## Information shown
********************

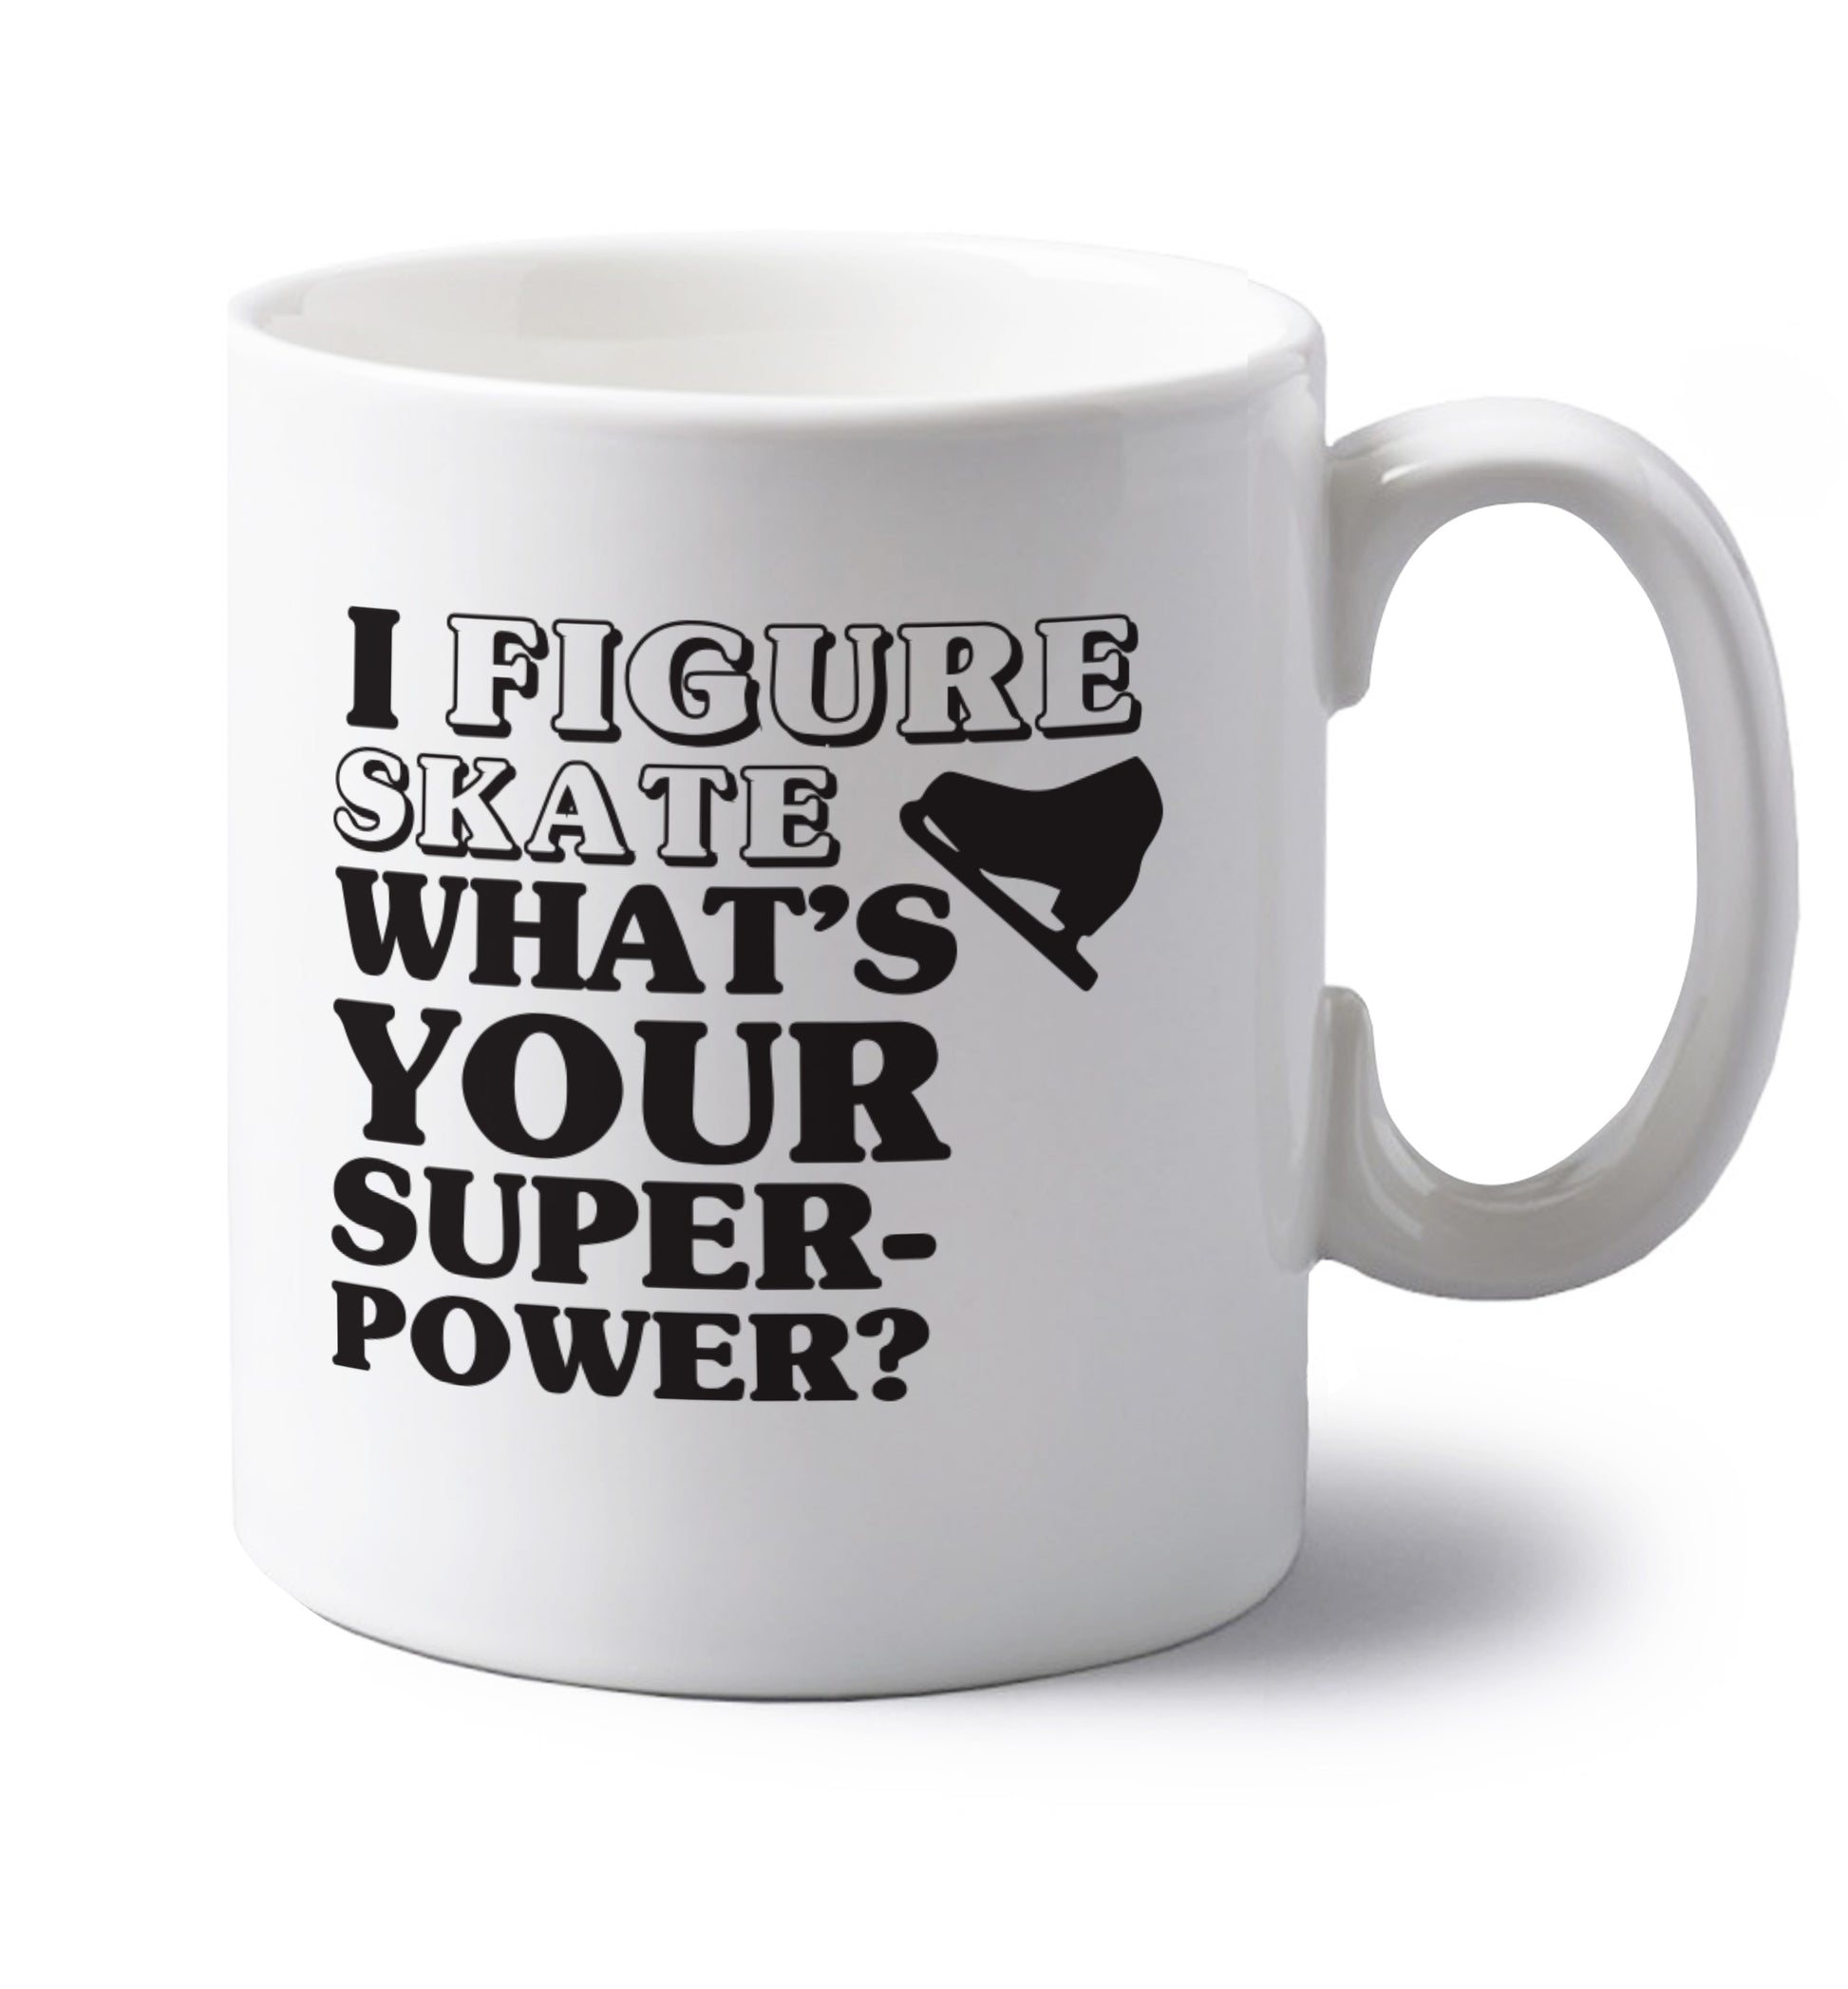 I figure skate what's your superpower? left handed white ceramic mug 
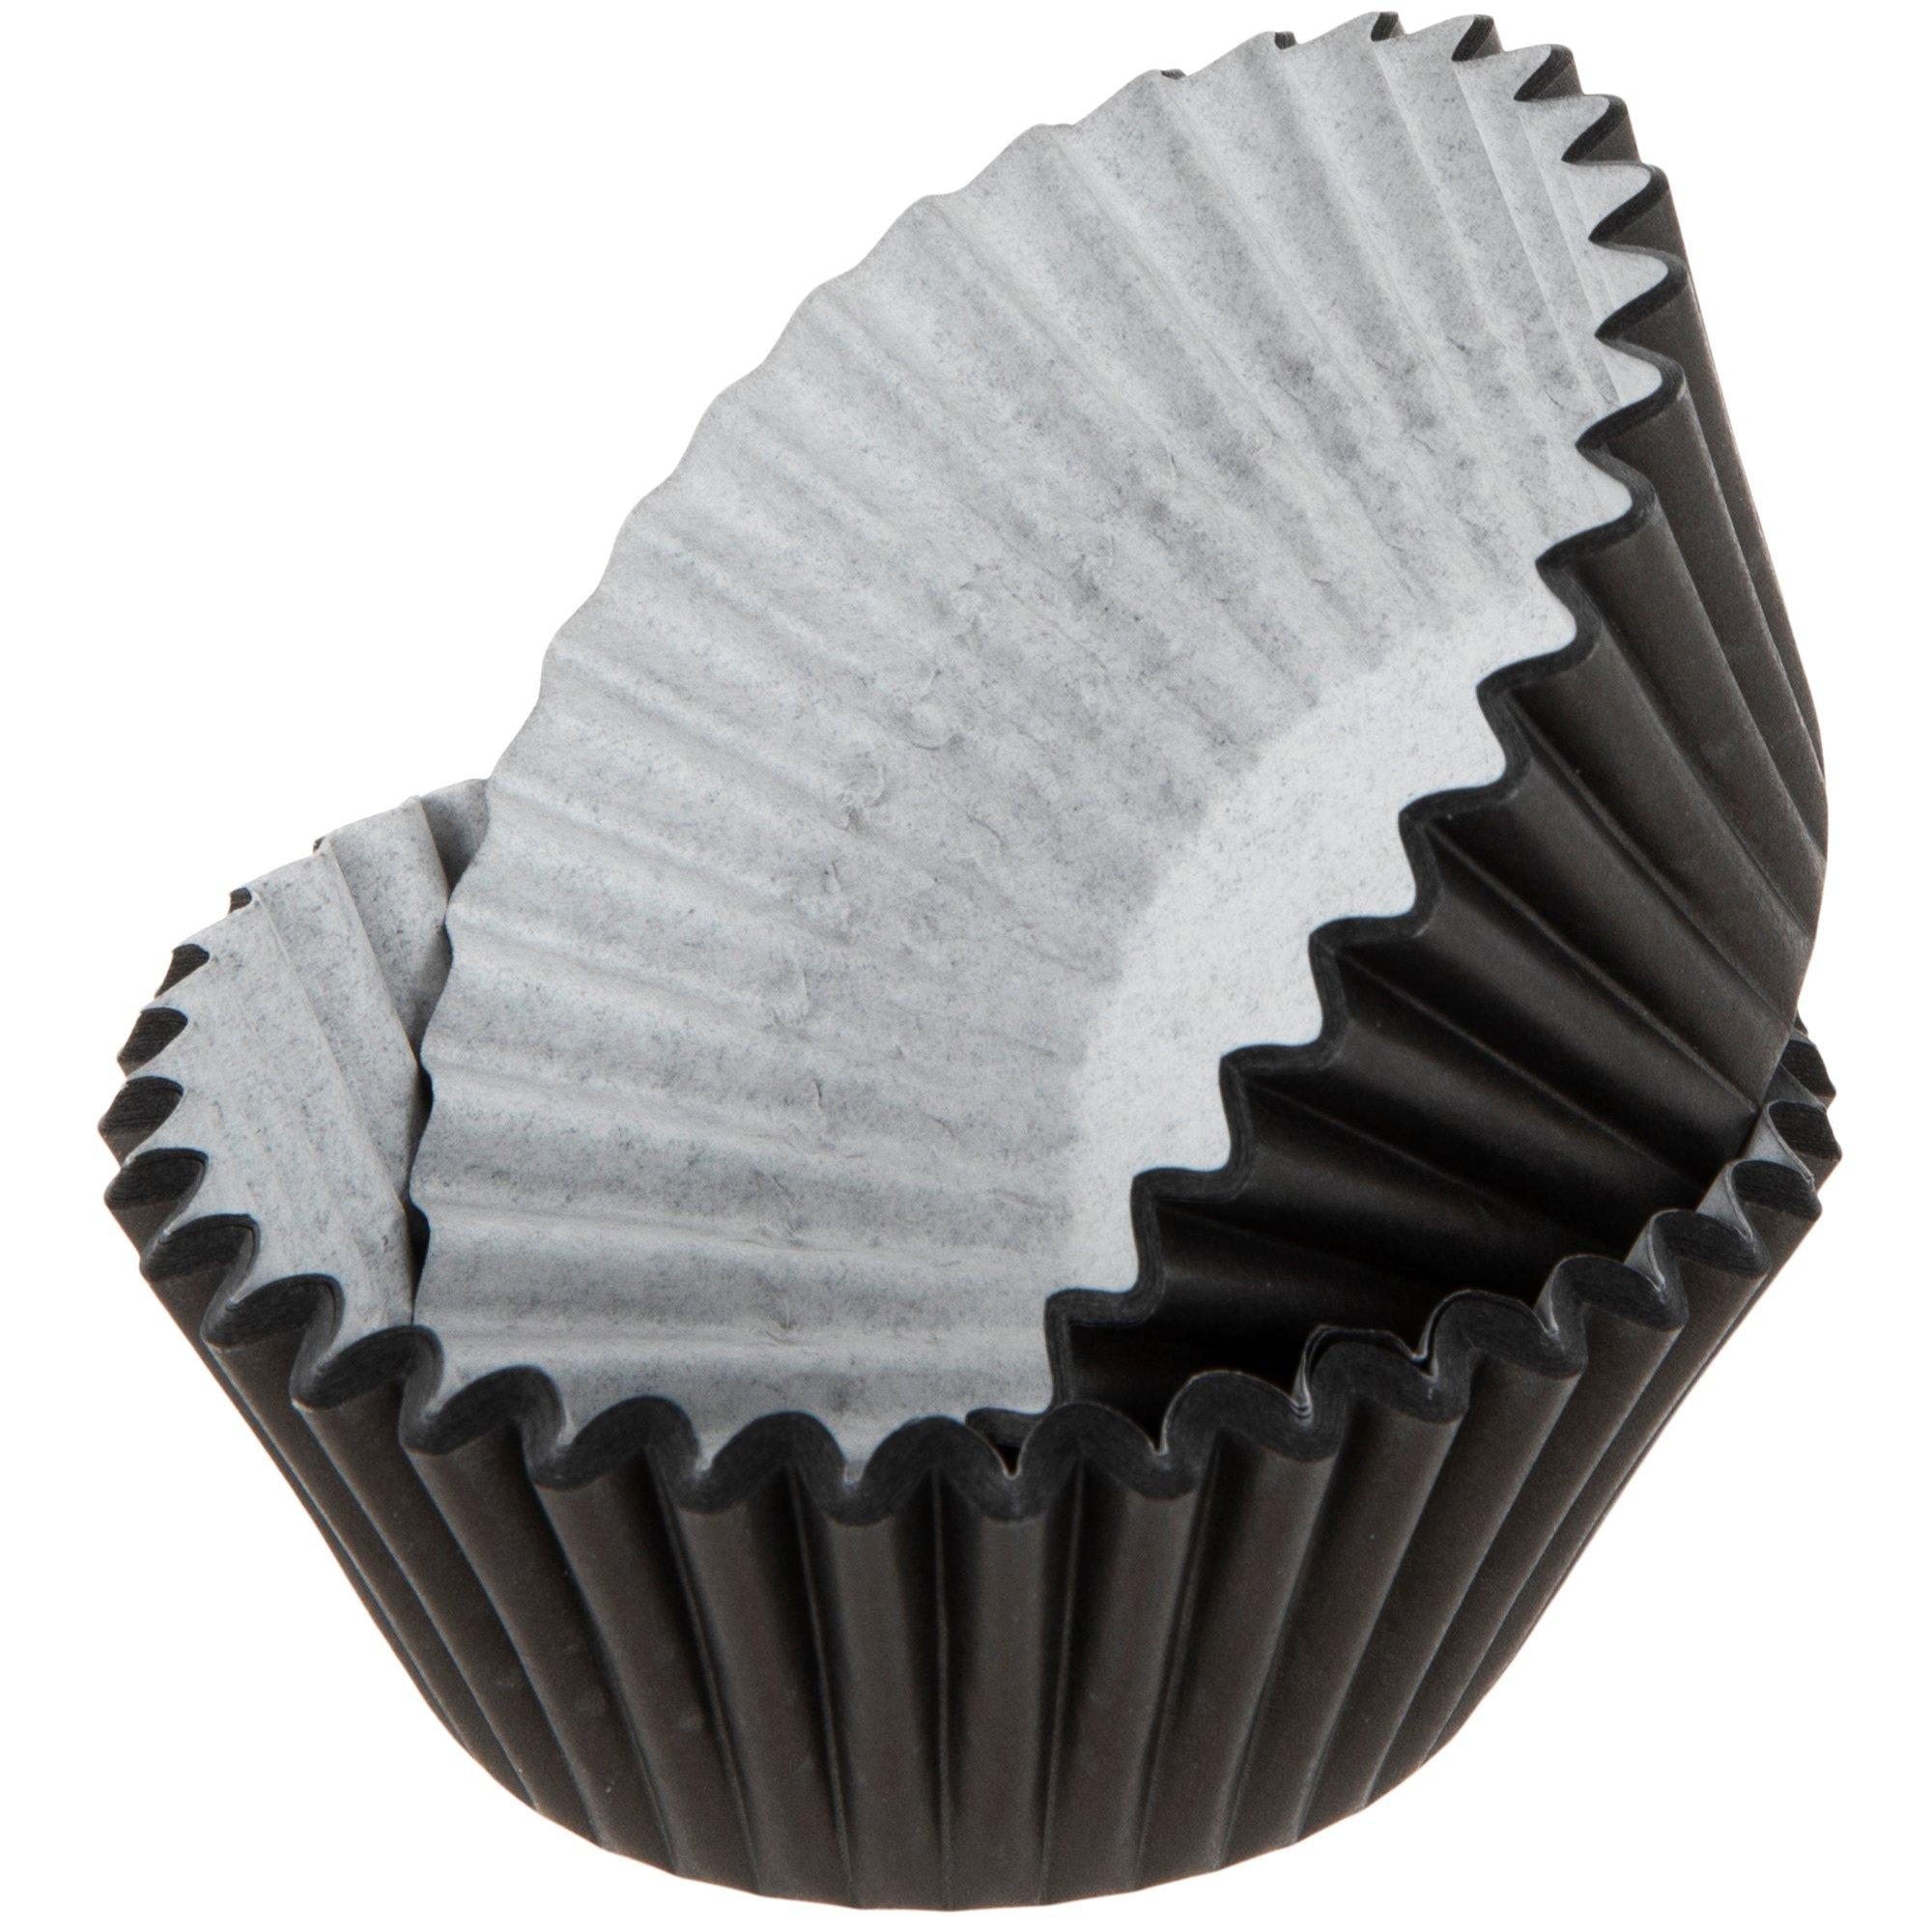 120 Black Foil Metallic Cupcake Liners Standard Baking Cups 120 Pieces
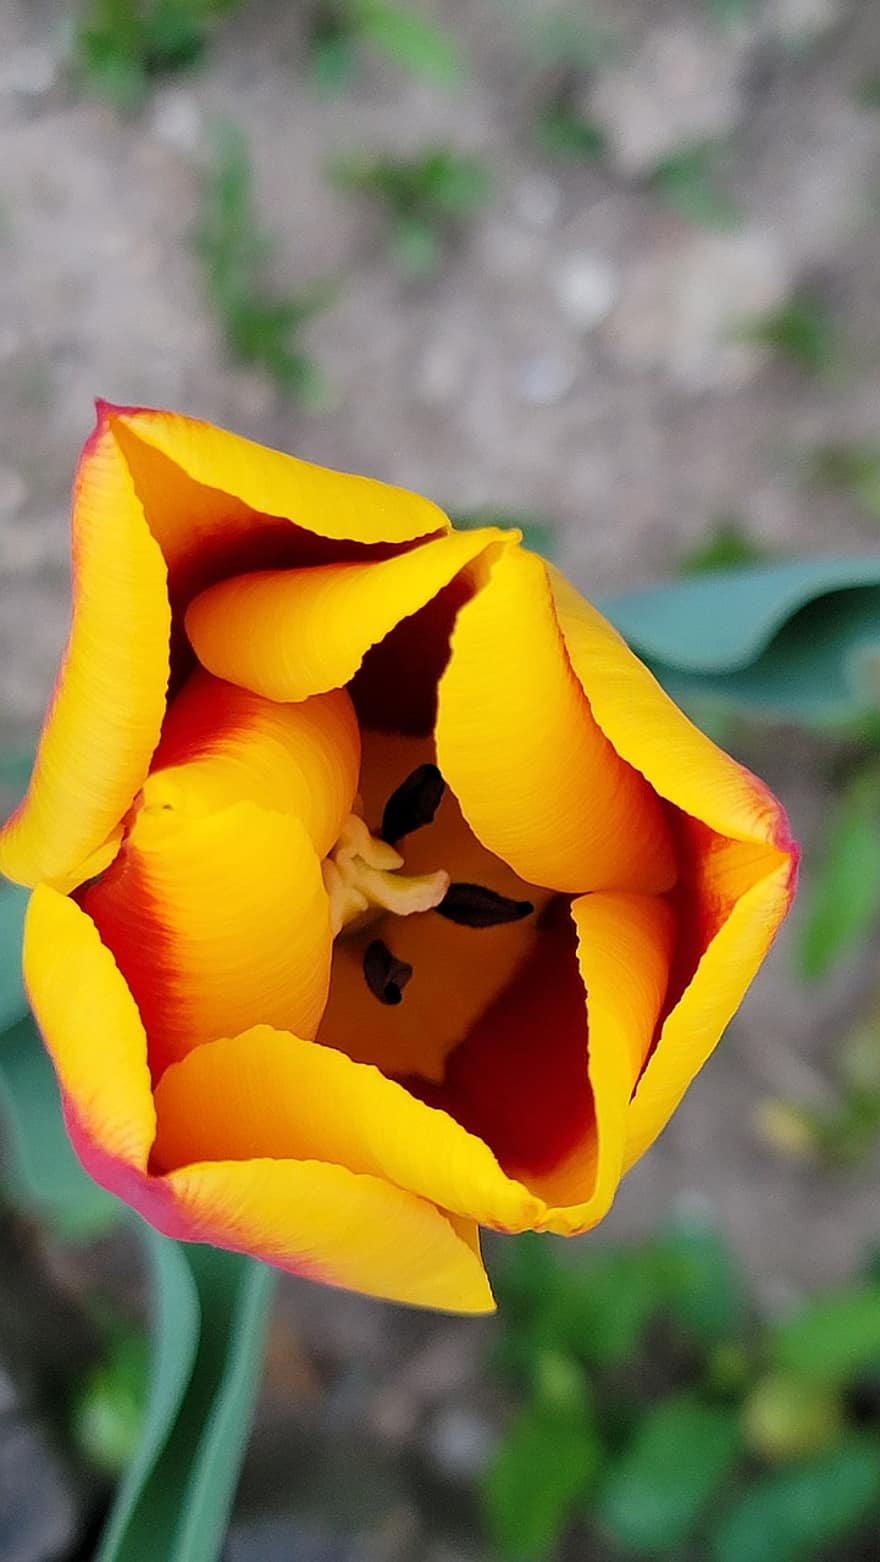 тюльпан, цветок, завод, садовый тюльпан, оранжевый тюльпан, оранжевый цветок, лепестки, цветение, весна, природа

********************

## Task goal
Lines before the one containing "120 Black Foil" are not wanted; repeat that line and the rest of the listing exactly, leaving out pictures.

## Answer box
 120 Black Foil Metallic Cupcake Liners Standard Baking Cups 120 Pieces
 тюльпан, цветок, завод, садовый тюльпан, оранжевый тюльпан, оранжевый цветок, лепестки, цветение, весна, природа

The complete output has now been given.